*Data extract:*
════════════════

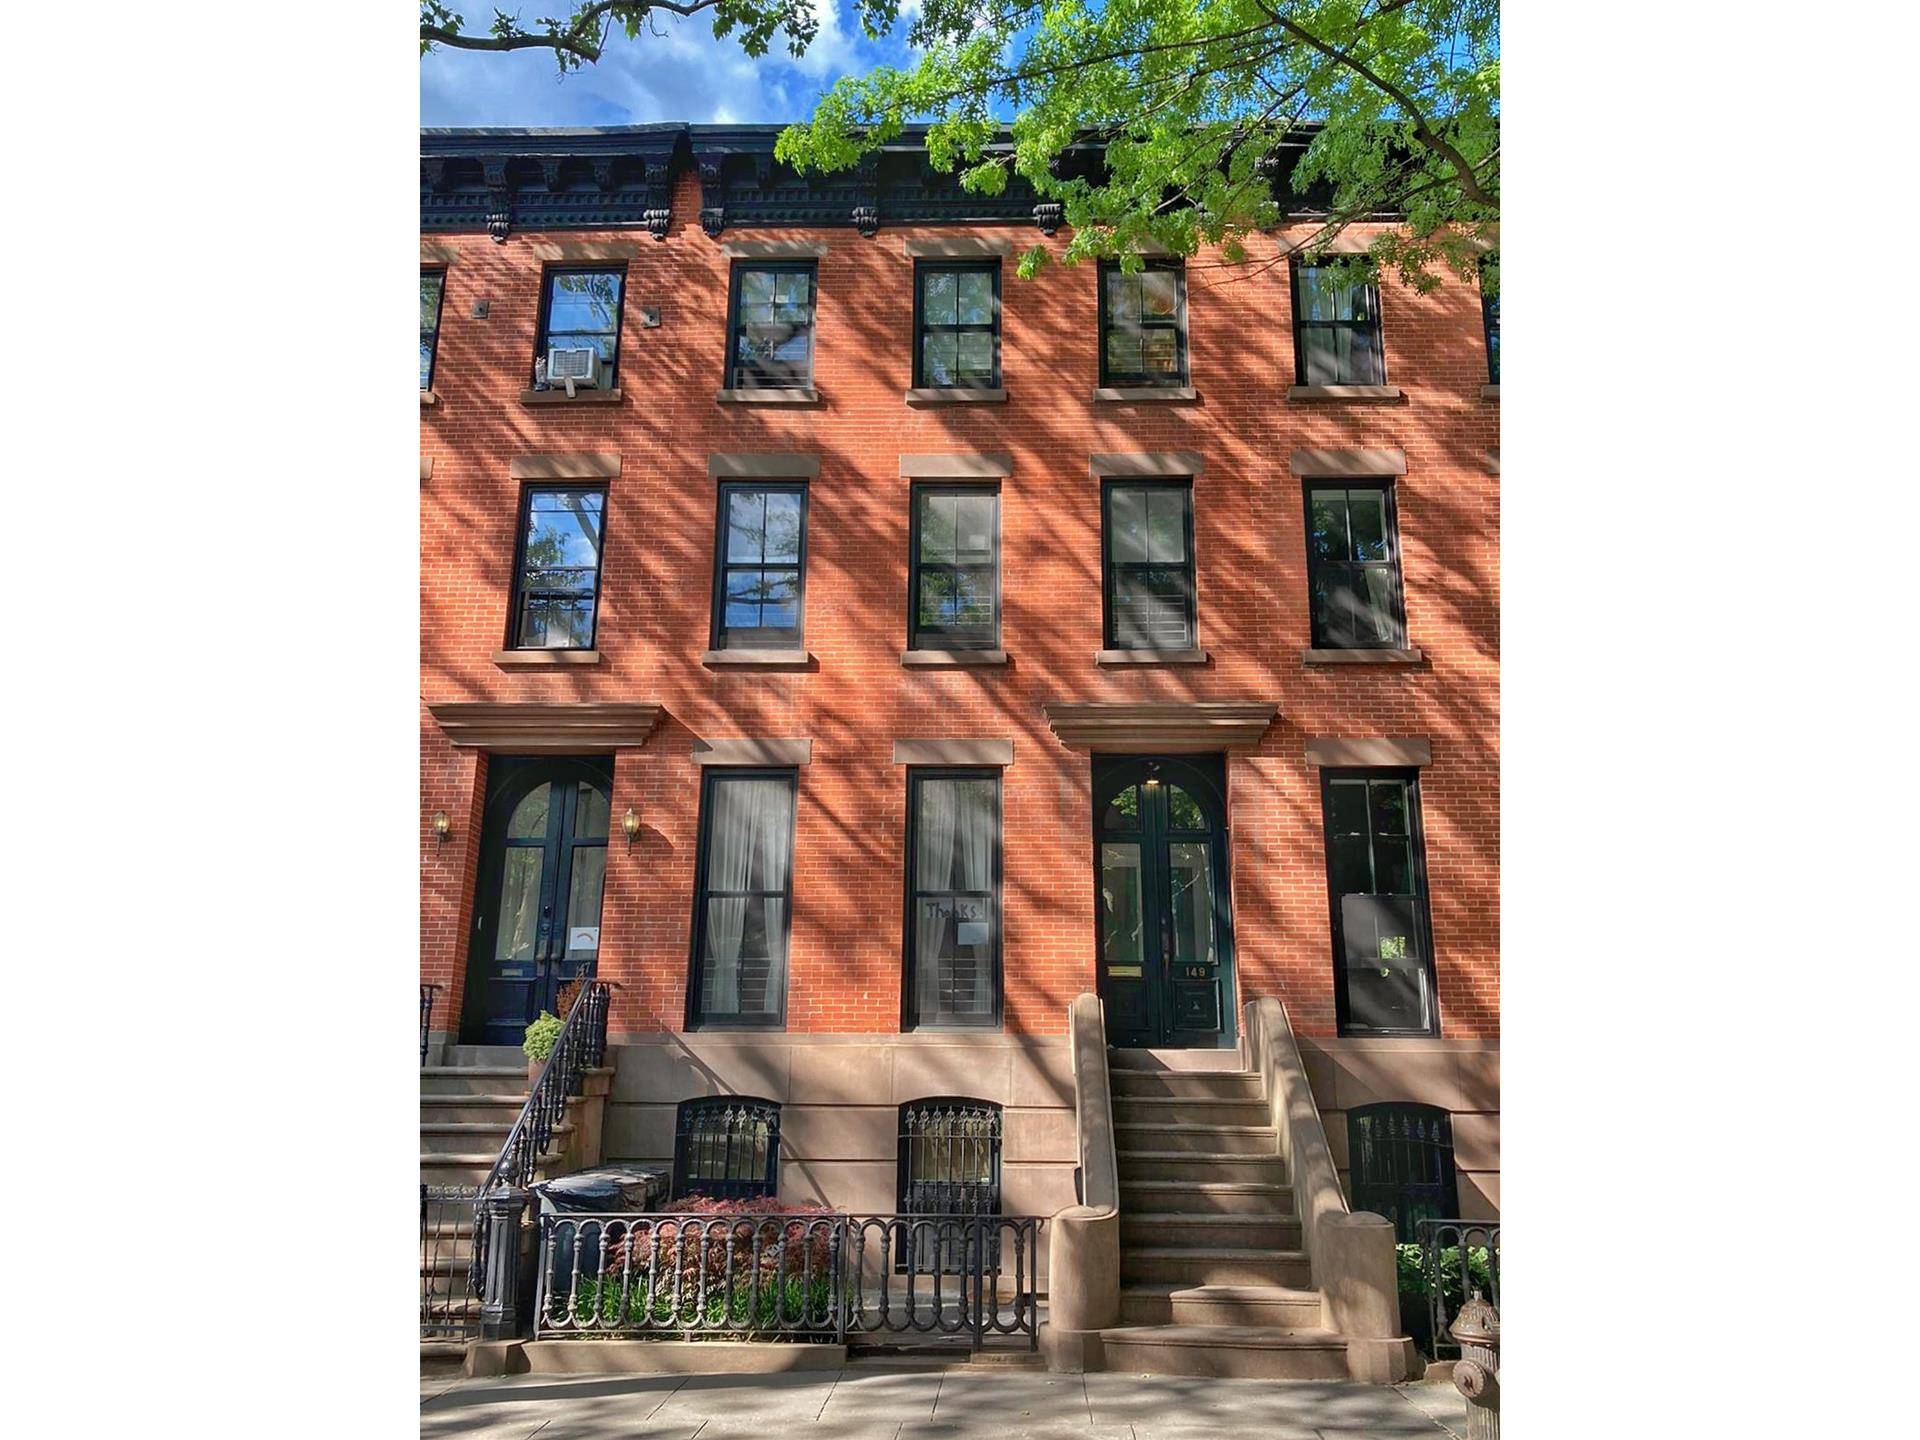 This beautifully designed and finished Garden duplex located in a 1890's townhouse is in the heart of Historic Boerum Hill, and has lots of room to spread out.
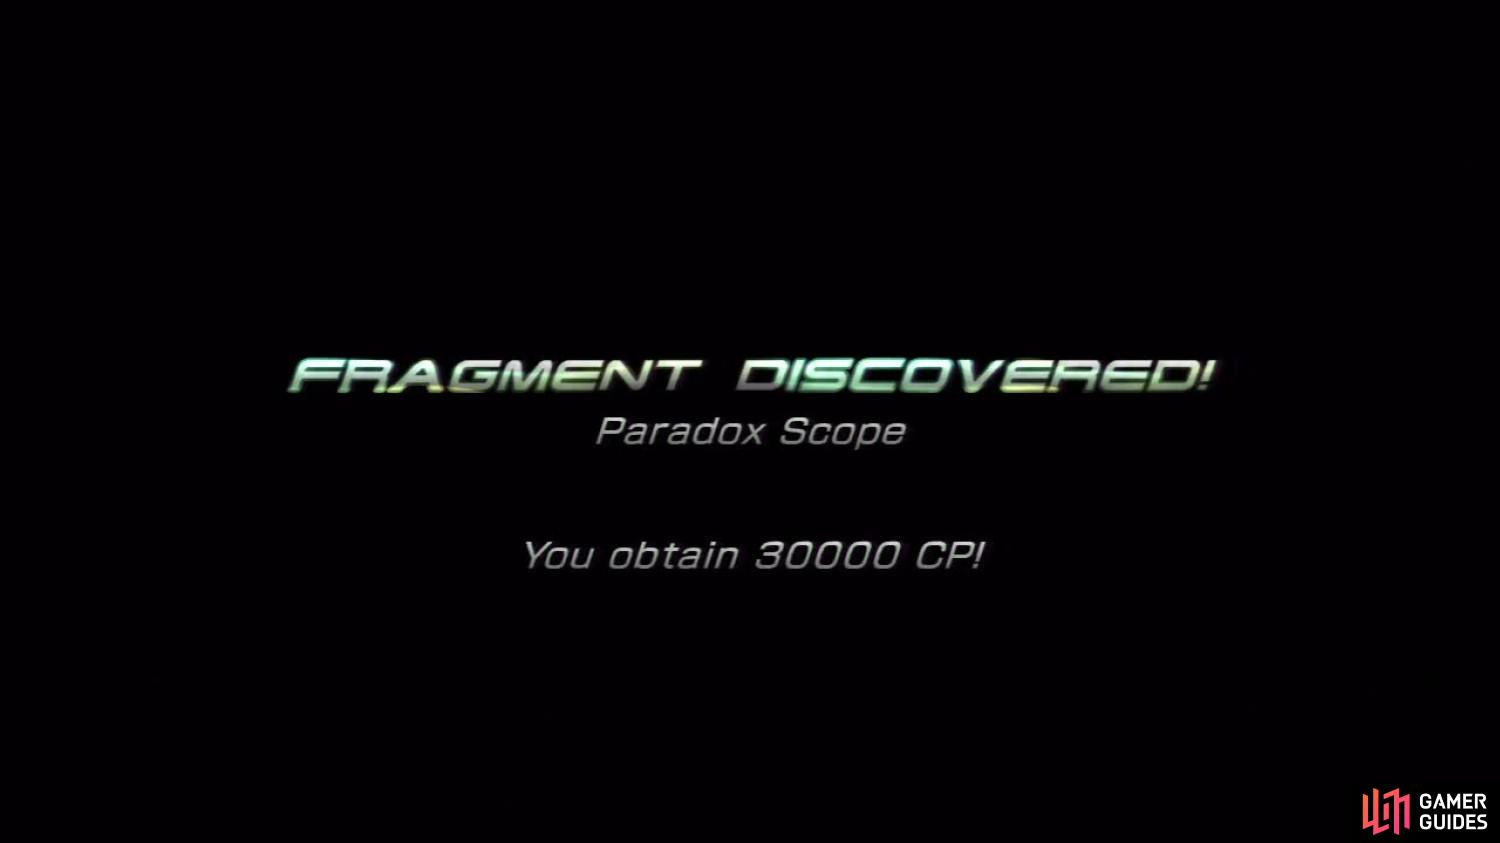 You will earn the Paradox Scope for beating the game. This allows you to view alternative endings to pivotal scenes in the game.
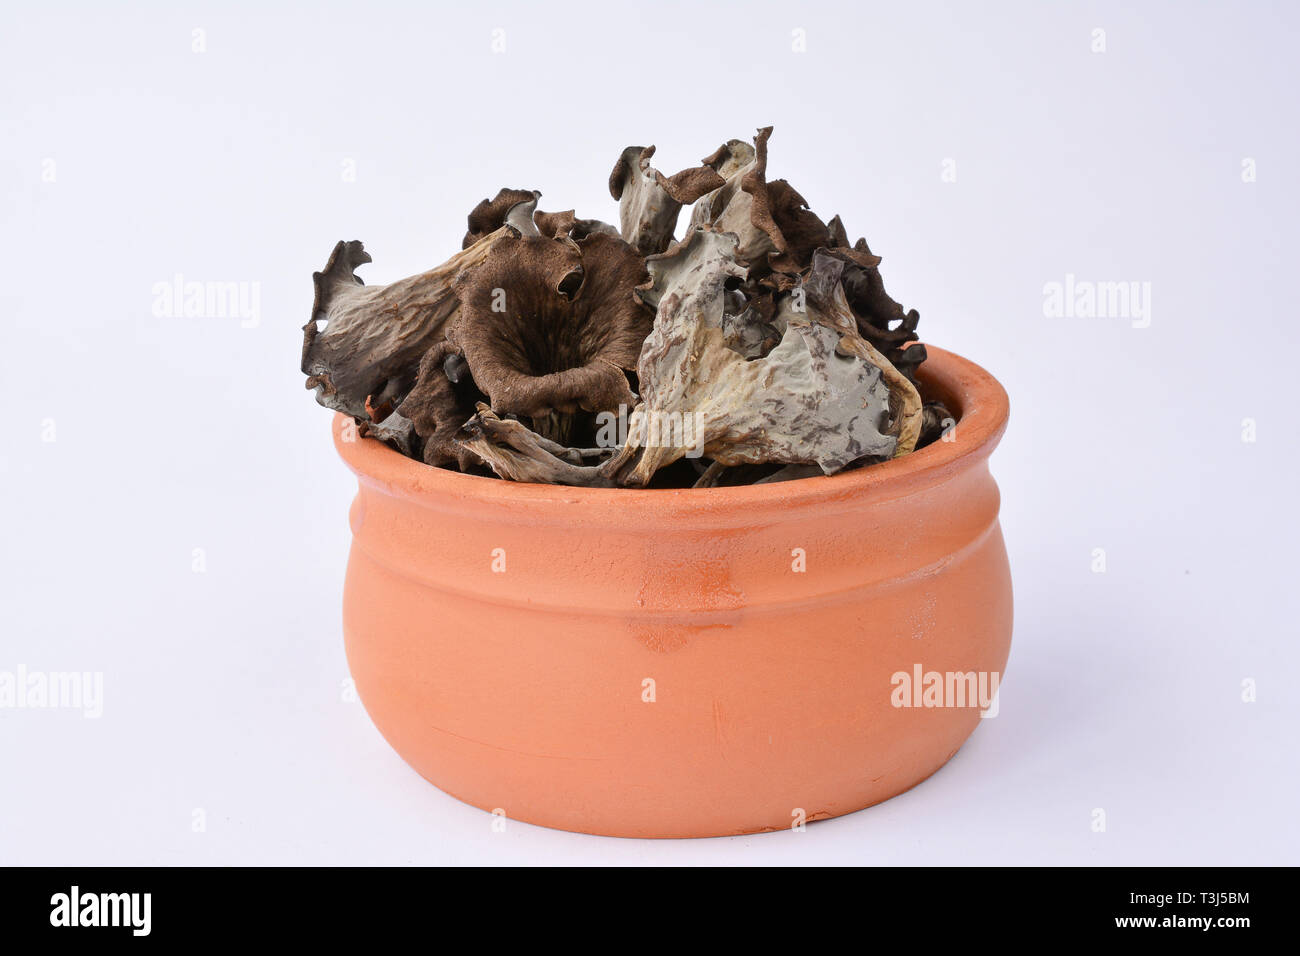 Dried edible Horn of Plenty musfrooms or Craterellus cornucopioides, over white Stock Photo

════════════════

Reproduce exactly and only the lines from the line that contains "You will earn" to the end of the data above, both ends included. No pictures go in the copy.

*Exercise result:*
 You will earn the Paradox Scope for beating the game. This allows you to view alternative endings to pivotal scenes in the game.
 Dried edible Horn of Plenty musfrooms or Craterellus cornucopioides, over white Stock Photo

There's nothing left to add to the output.